Benzyl acetate
- Names: Preferred IUPAC name Benzyl acetate

Identifiers
- CAS Number: 140-11-4;
- 3D model (JSmol): Interactive image; Interactive image;
- ChEBI: CHEBI:52051;
- ChemSpider: 13850405;
- ECHA InfoCard: 100.004.909
- KEGG: C15513;
- PubChem CID: 8785;
- UNII: 0ECG3V79ZJ;
- CompTox Dashboard (EPA): DTXSID0020151 ;

Properties
- Chemical formula: C_{9}H_{10}O_{2}
- Molar mass: 150.177 g·mol^{−1}
- Appearance: Colourless liquid
- Odor: floral
- Density: 1.054 g/ml
- Melting point: −51.5 °C (−60.7 °F; 221.7 K)
- Boiling point: 212 °C (414 °F; 485 K)
- Solubility in water: 0.31 g/100 mL
- Solubility: Soluble in benzene, chloroform Miscible with ethanol, ether, acetone
- Magnetic susceptibility (χ): −93.18·10^{−6} cm^{3}/mol
- Refractive index (n_{D}): 1.523
- Hazards: GHS labelling:
- Hazard statements: H412
- Precautionary statements: P273, P501
- NFPA 704 (fire diamond): 1 1 0
- Flash point: 102 °C (216 °F; 375 K)
- Autoignition temperature: 461 °C (862 °F; 734 K)

= Benzyl acetate =

Benzyl acetate is an organic ester with the molecular formula CH3C(O)OCH2C6H5. It is formed by the condensation of benzyl alcohol and acetic acid.

Similar to most other esters, it possesses a sweet and pleasant aroma, owing to which, it finds applications in personal hygiene and health care products. It is a constituent of jasmin and of the essential oils of ylang-ylang and neroli. It has pleasant sweet aroma reminiscent of jasmine (sweet, floral, fruity, jasmin, fresh). Further as a flavoring agent it is also used to impart jasmine or apple flavors to various cosmetics and personal care products like lotions, hair creams etc..

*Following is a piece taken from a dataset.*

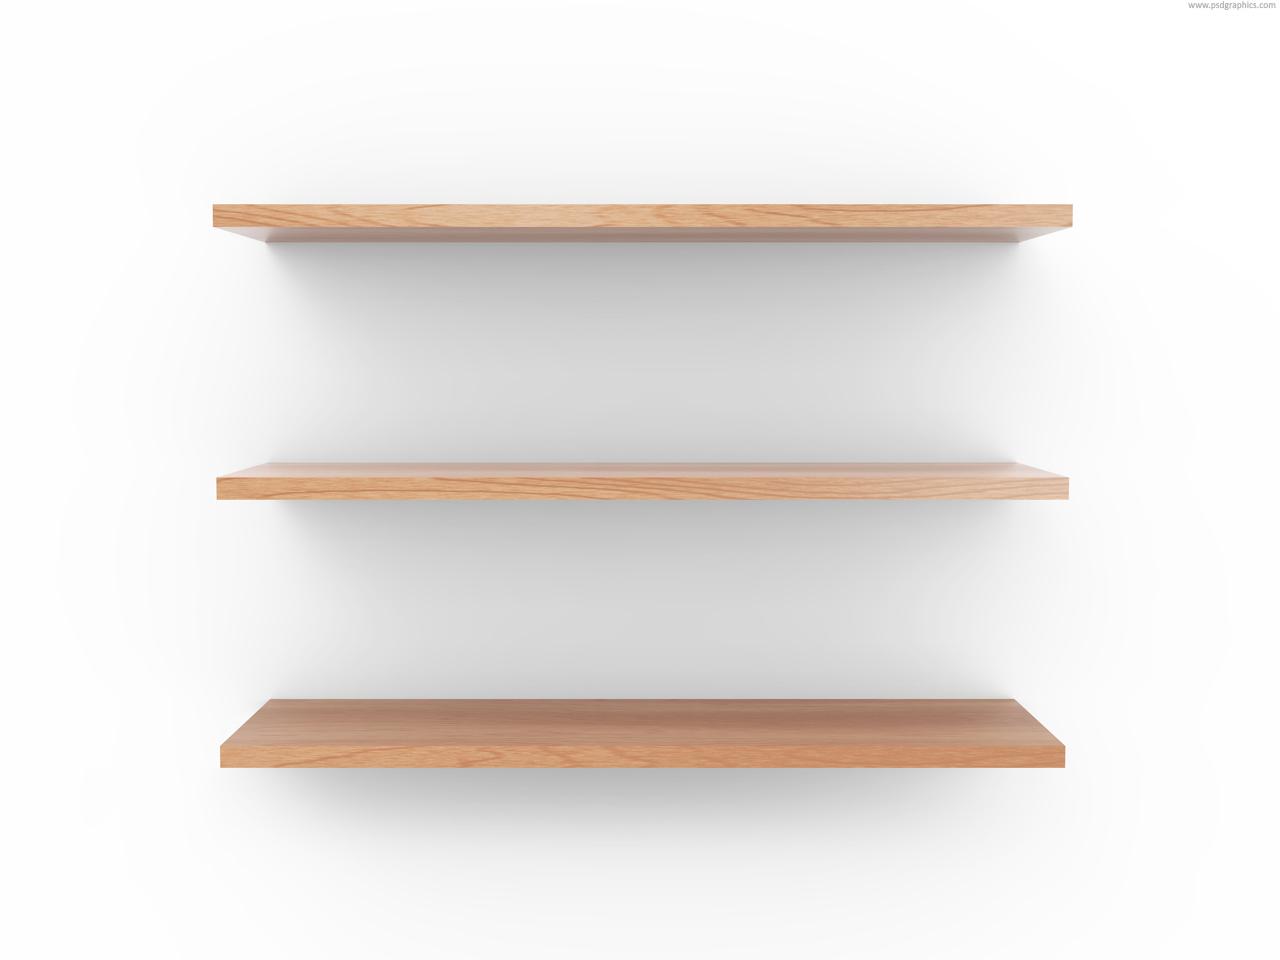 Medium size preview (1280x960px): Wooden shelf

It is one of many compounds that is attractive to males of various species of orchid bees. It is collected and used by the bees as an intra-specific pheromone; In apiculture benzyl acetate is used as a bait to collect bees. Natural sources of benzyl acetate include varieties of flowers like jasmine (Jasminum), and fruits like pear, apple, etc.